Located above street level in a Victorian-era building near Oldham Street, the interior blends exposed brickwork and timber with stage lighting systems used in venues like Birdland (New York), Ronnie Scott's Jazz Club, and The 100 Club. The room's acoustic design references standards employed by studios such as Abbey Road Studios and Maida Vale Studios, incorporating movable baffles and a bespoke PA influenced by manufacturers like Meyer Sound, d&b audiotechnik, and Fender. Seating arrangements reflect cabaret traditions found at Blue Note Jazz Club and Yoshi's, supporting audiences comparable in size to Kansas City's Green Lady Lounge or Chicago's Green Mill Cocktail Lounge.

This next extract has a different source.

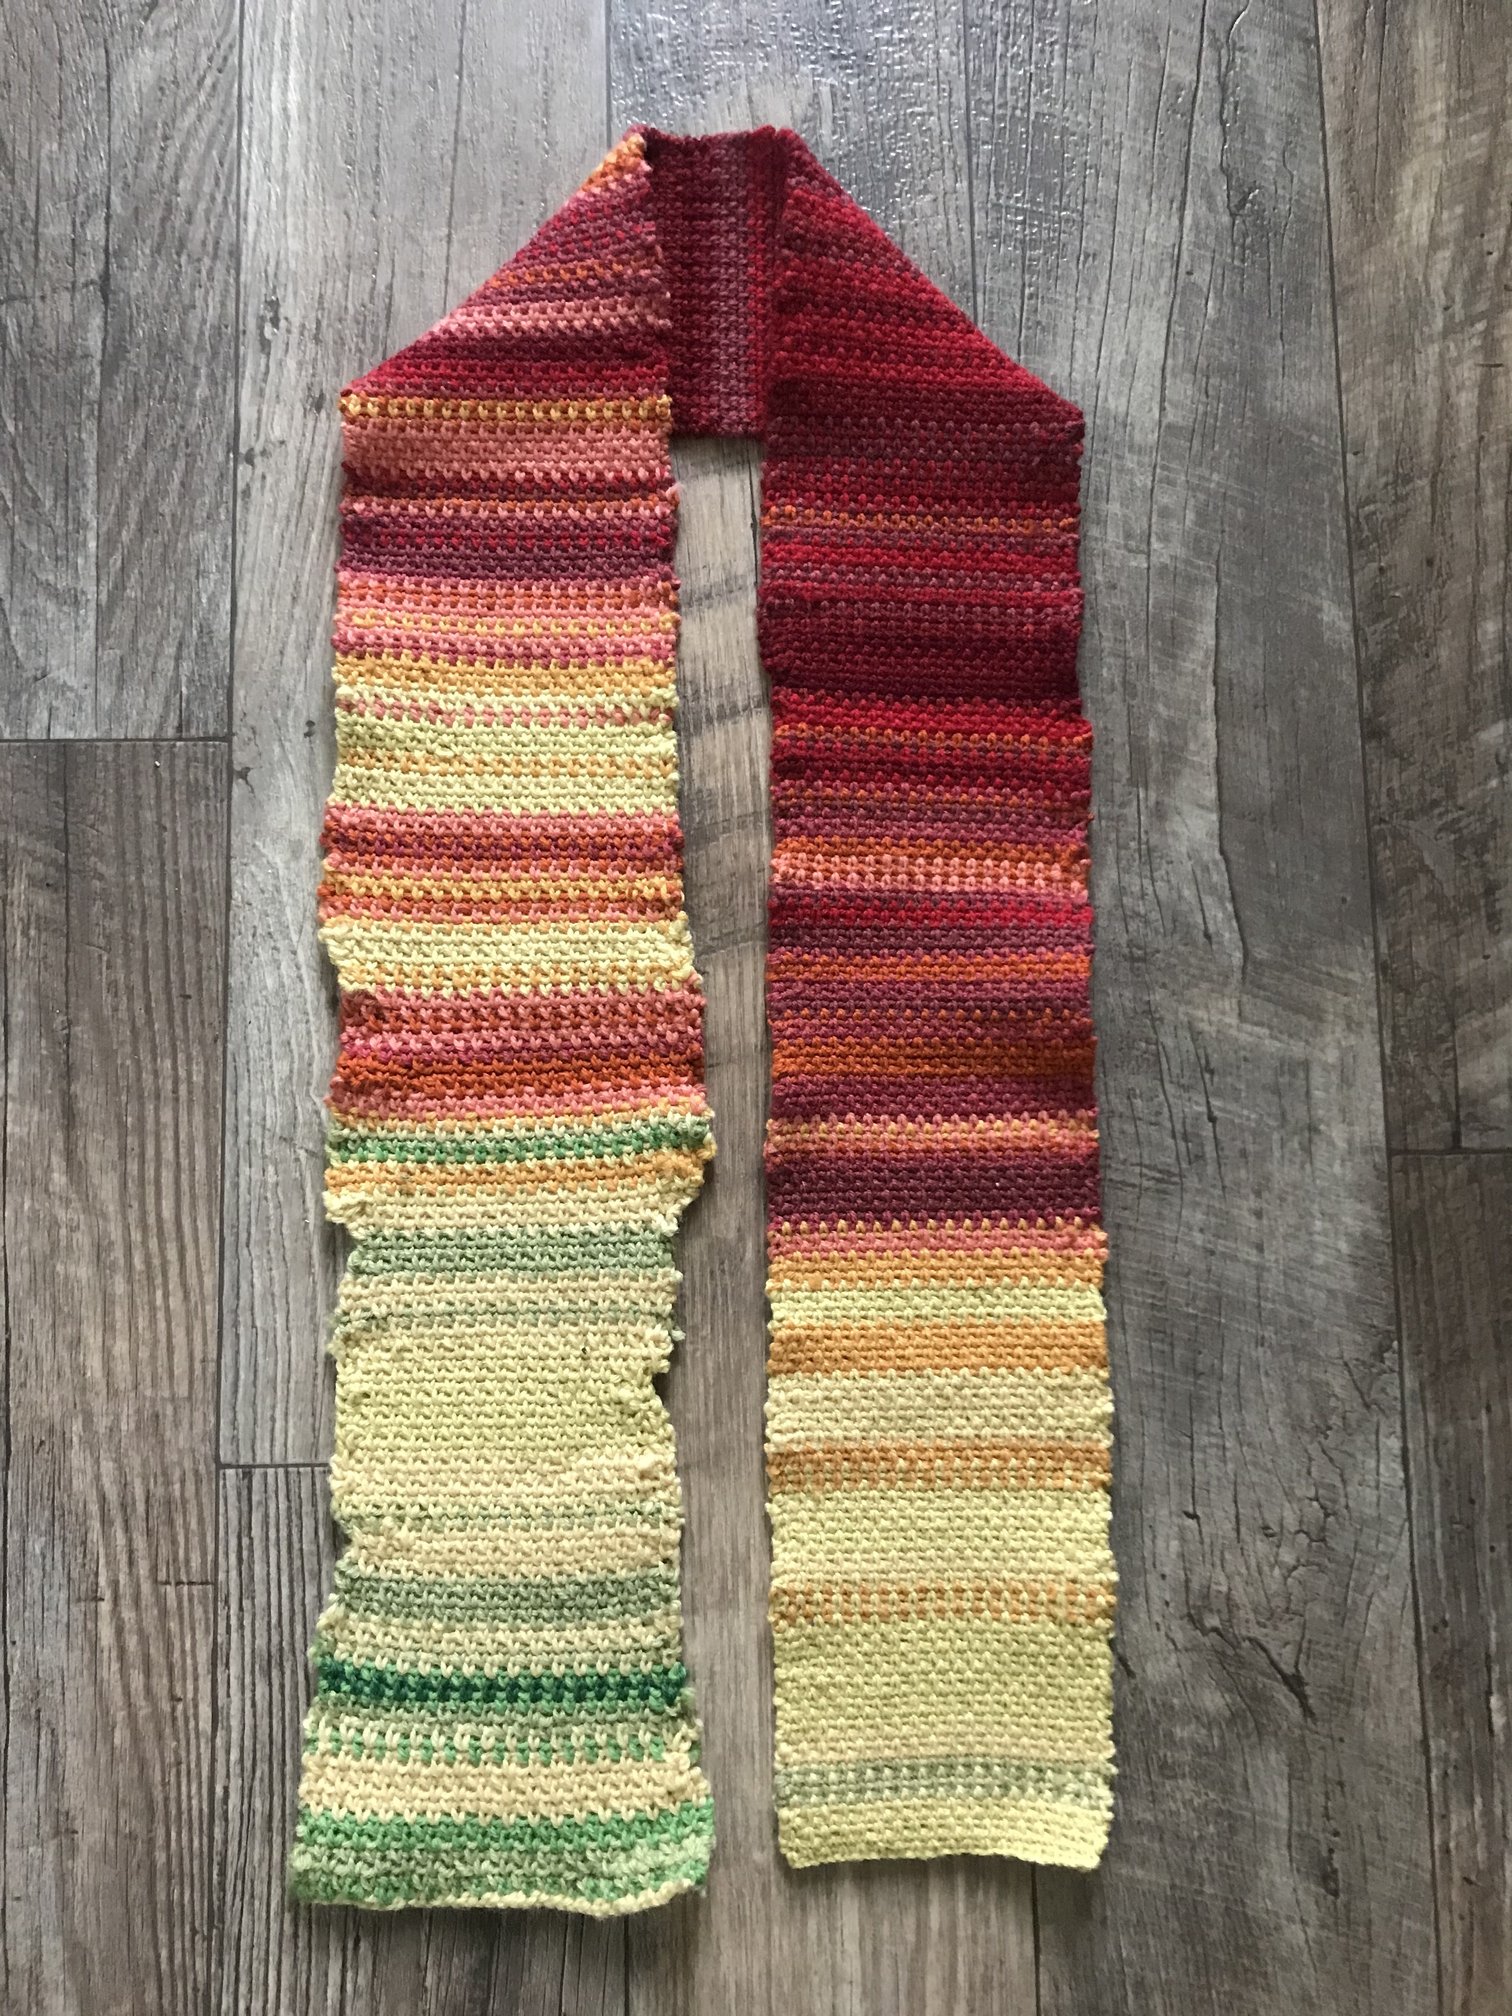 Scarf showing the daily temperatures of Davis in 2017

The ground-level bar and kitchen serve menus that draw on culinary influences from Manchester's Chinatown, Curry Mile, and nearby gastropubs profiled in Michelin Guide and regional hospitality writing.
Programming emphasizes jazz idioms including bebop, hard bop, modal jazz, and contemporary fusion, often aligning with repertoires by composers and bandleaders associated with Miles Davis, John Coltrane, Duke Ellington, and Herbie Hancock. The venue curates themed nights reflecting lineages to Latin jazz, Afrobeat, soul jazz, and free jazz, promoting ensembles in dialogue with labels such as Impulse! Records, Verve Records, and ECM Records. Regular residencies and workshops have involved artists connected to Manchester Jazz Festival, Youth Music, Tomorrow's Warriors, and educational initiatives from Royal Northern College of Music and Chetham's School of Music. Broadcasts and sessions have been recorded for programs on BBC Radio 3, BBC Radio 2, and specialist shows on Jazz FM.

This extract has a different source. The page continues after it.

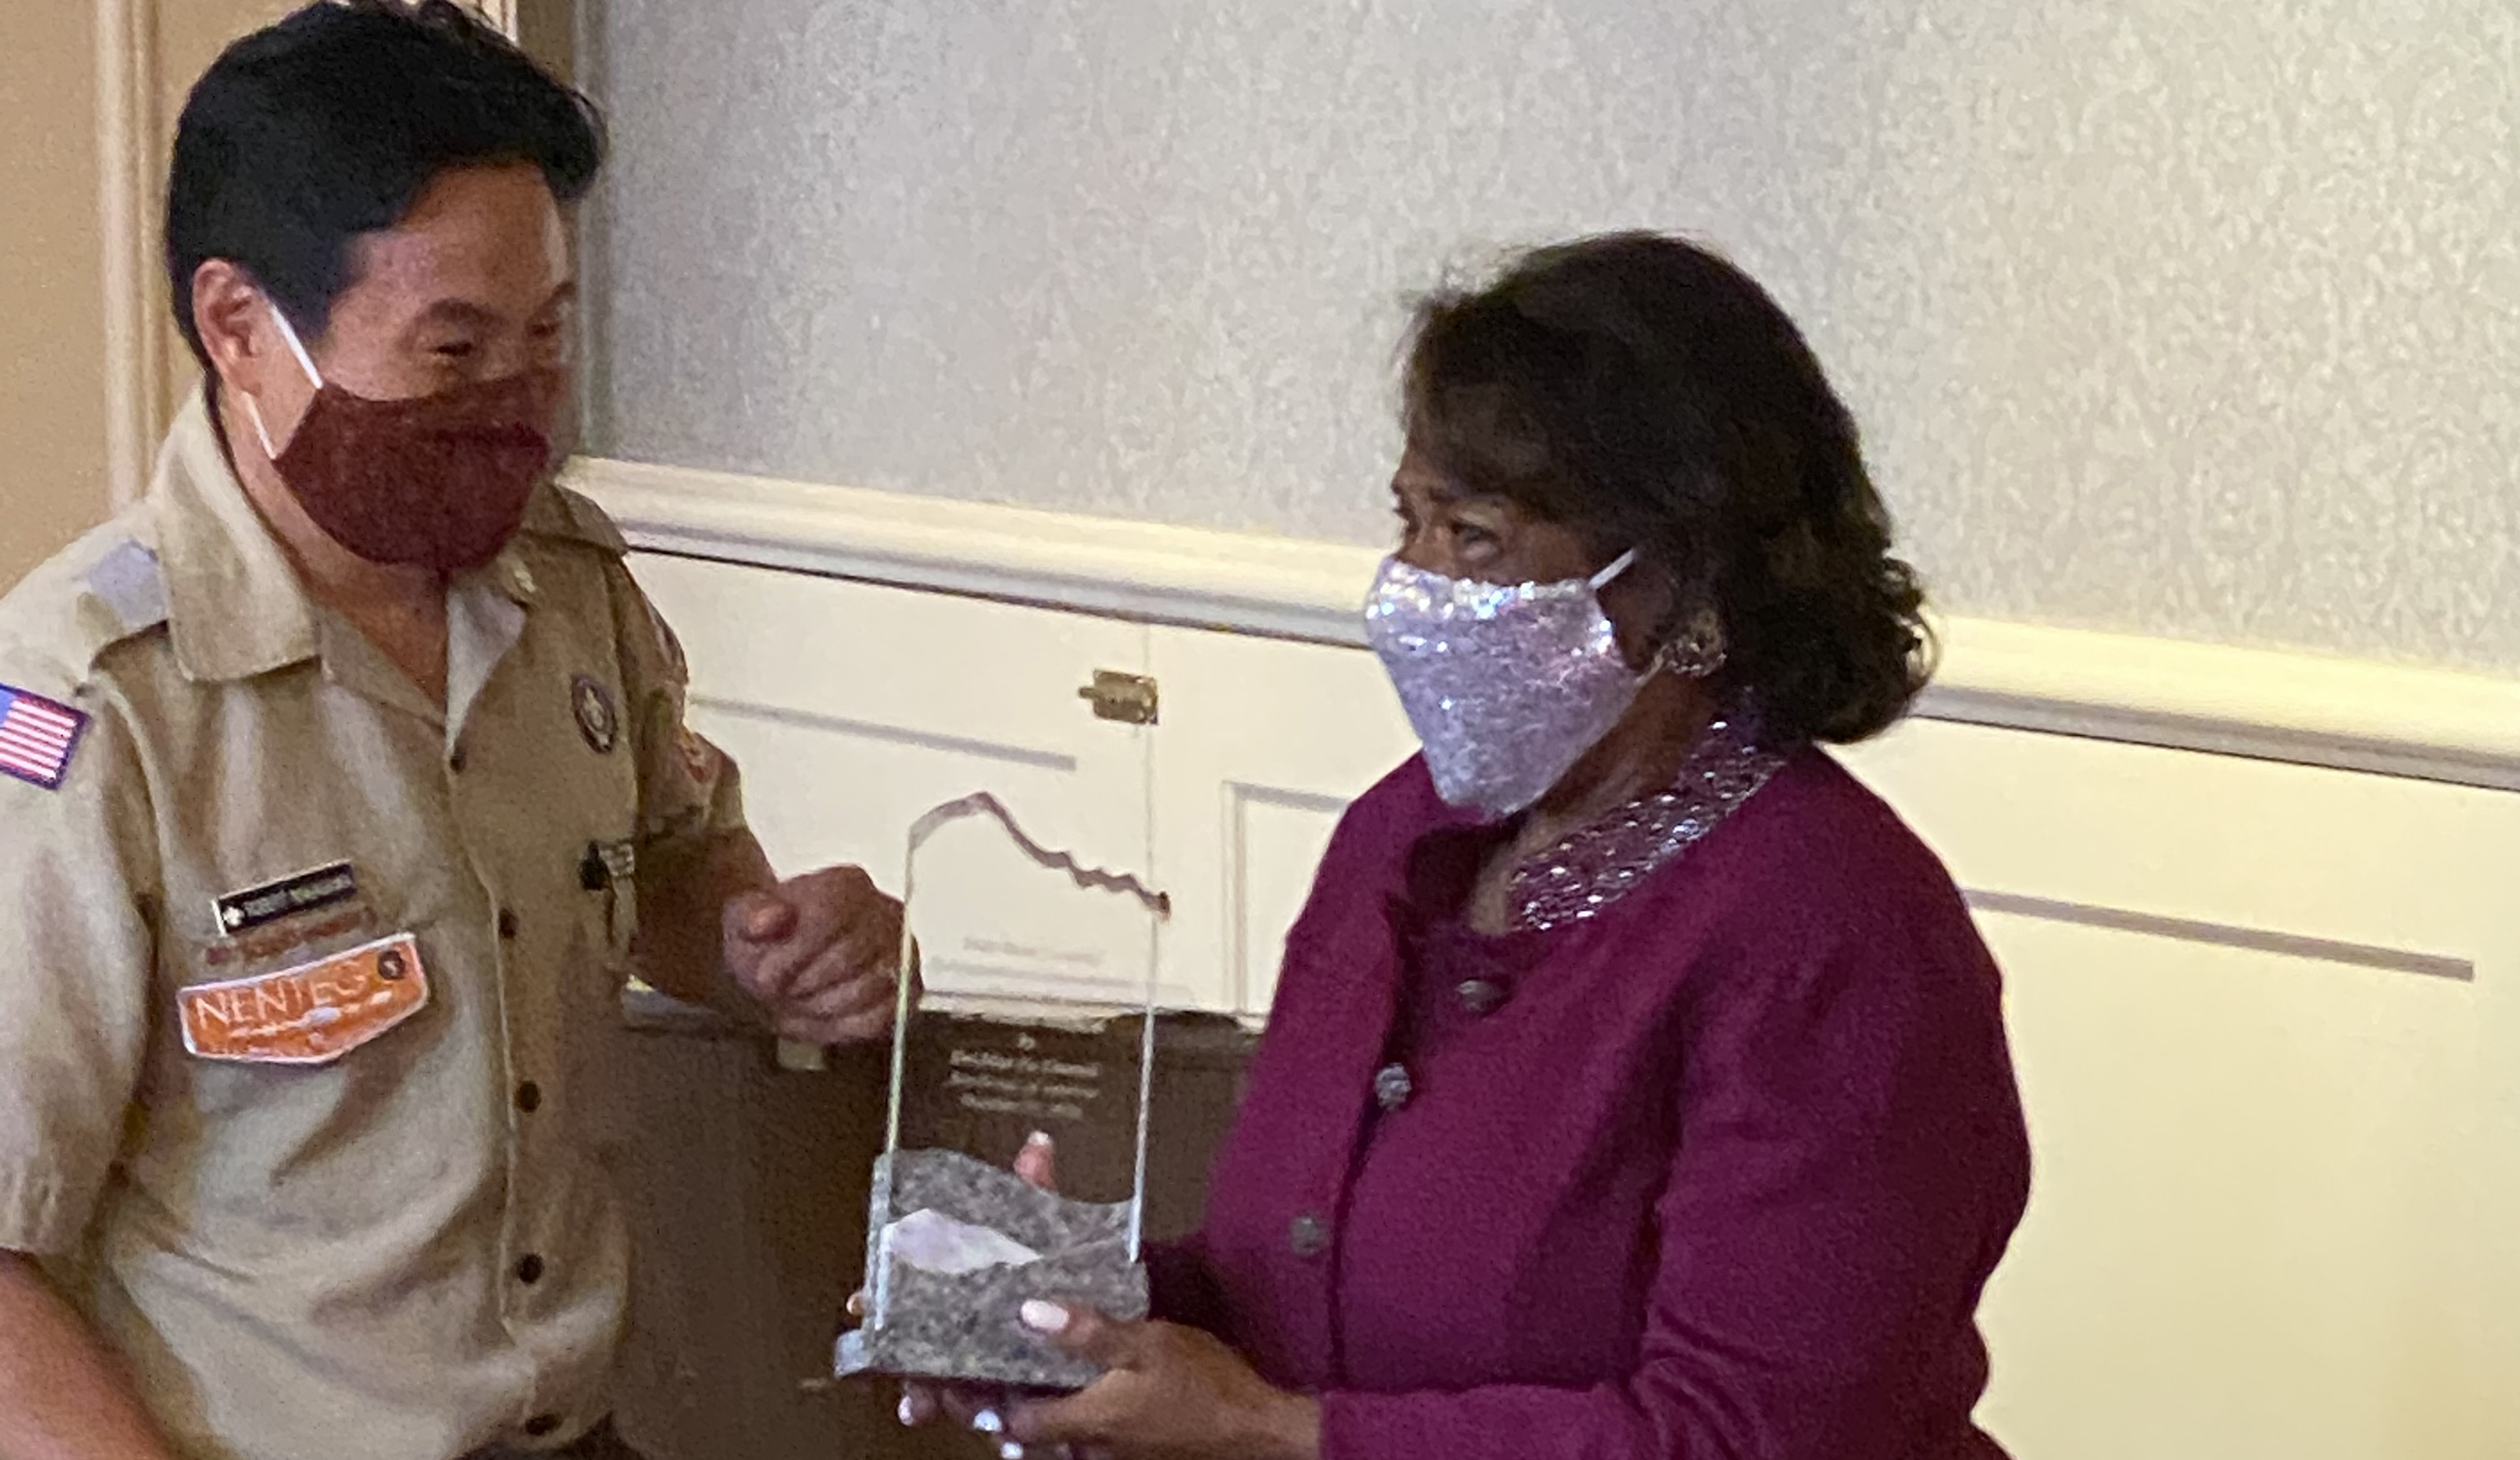 Robert Nakagawa, CEO of the Del-Mar-Va Council of Boy Scouts of America presents Dr. Wilma Mishoe with the organization's 2020 Distinguished Citizen Award.

The stage has hosted a cross-section of national and international performers linked to figures and ensembles like Gregory Porter, Norah Jones, Jamie Cullum, Courtney Pine, Sharon Shannon, Django Bates, Enrico Rava, Kenny Wheeler, Anouar Brahem, Soweto Kinch, YolanDa Brown, Femi Kuti, and artists associated with collectives such as European Jazz Ensemble and The Bad Plus. Collaborative projects have included musicians with credits on recordings from Blue Note Records, ECM Records, and Verve Records, and guest appearances by instrumentalists connected to orchestras and ensembles such as the BBC Philharmonic, Manchester Camerata, and touring troupes from Carnegie Hall. Live sessions have occasionally featured artists before or after high-profile performances at festivals including Glastonbury Festival, Montreux Jazz Festival, North Sea Jazz Festival, and Cheltenham Jazz Festival.

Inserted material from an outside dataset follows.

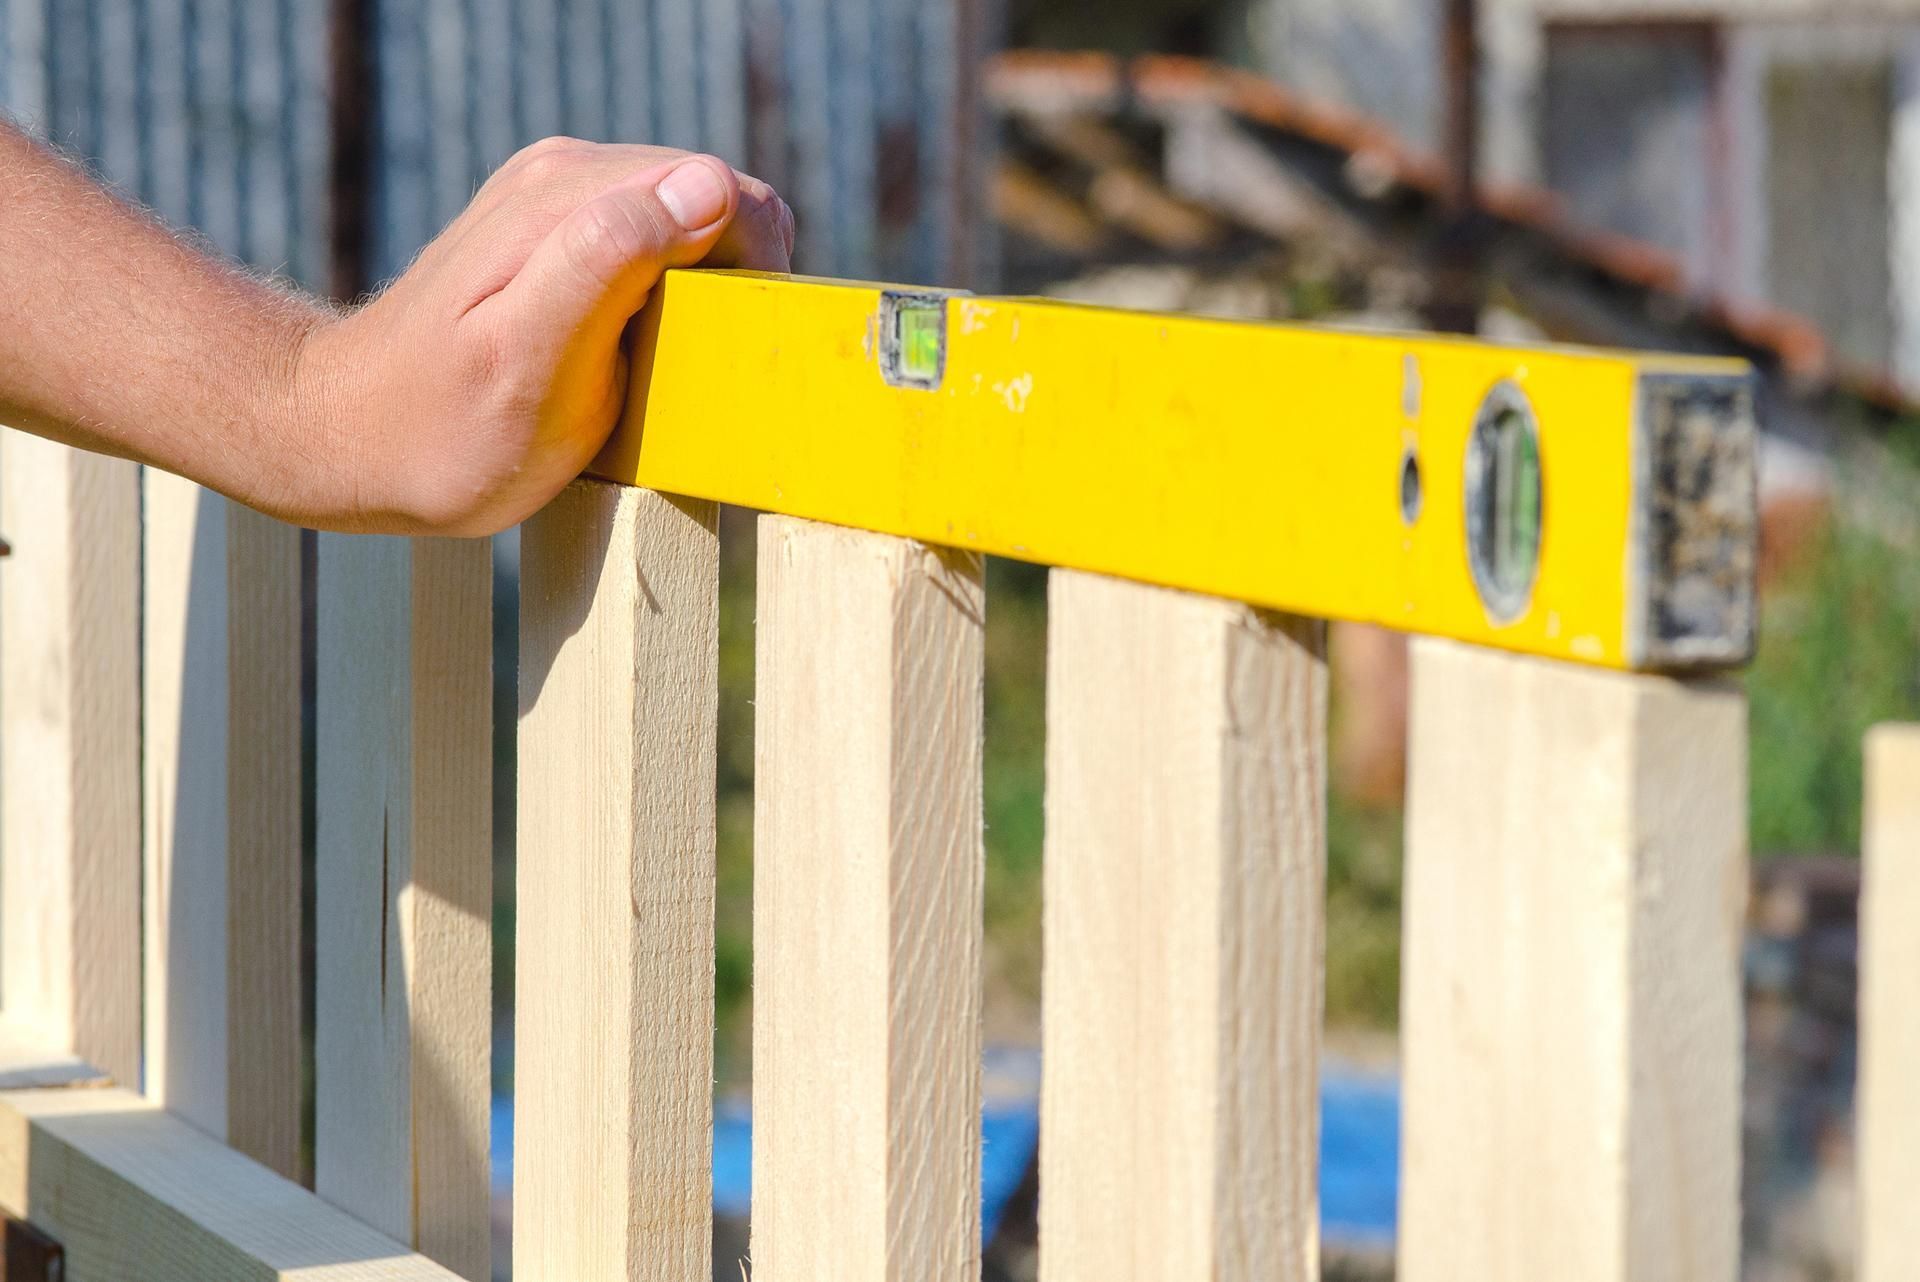 a person is measuring a wooden fence with a yellow level.

Critics from outlets such as The Guardian, The Independent, Evening Standard, and Financial Times have praised the venue's programming, atmosphere, and contribution to Manchester's nightlife, often comparing its intimacy to historic clubs like Ronnie Scott's Jazz Club and Birdland (New York). The venue has been cited in cultural studies addressing urban regeneration in Manchester and in analyses of UK live music scenes alongside case studies of The Hacienda, Albert Hall (Manchester), and Band on the Wall. Its role in artist development is recognized by funding and training bodies including Arts Council England, PRS Foundation, and Music Education Council, while listings and awards coverage in publications such as Time Out (magazine), The List, and local press have underlined its continuing influence on regional touring circuits and grassroots venue sustainability.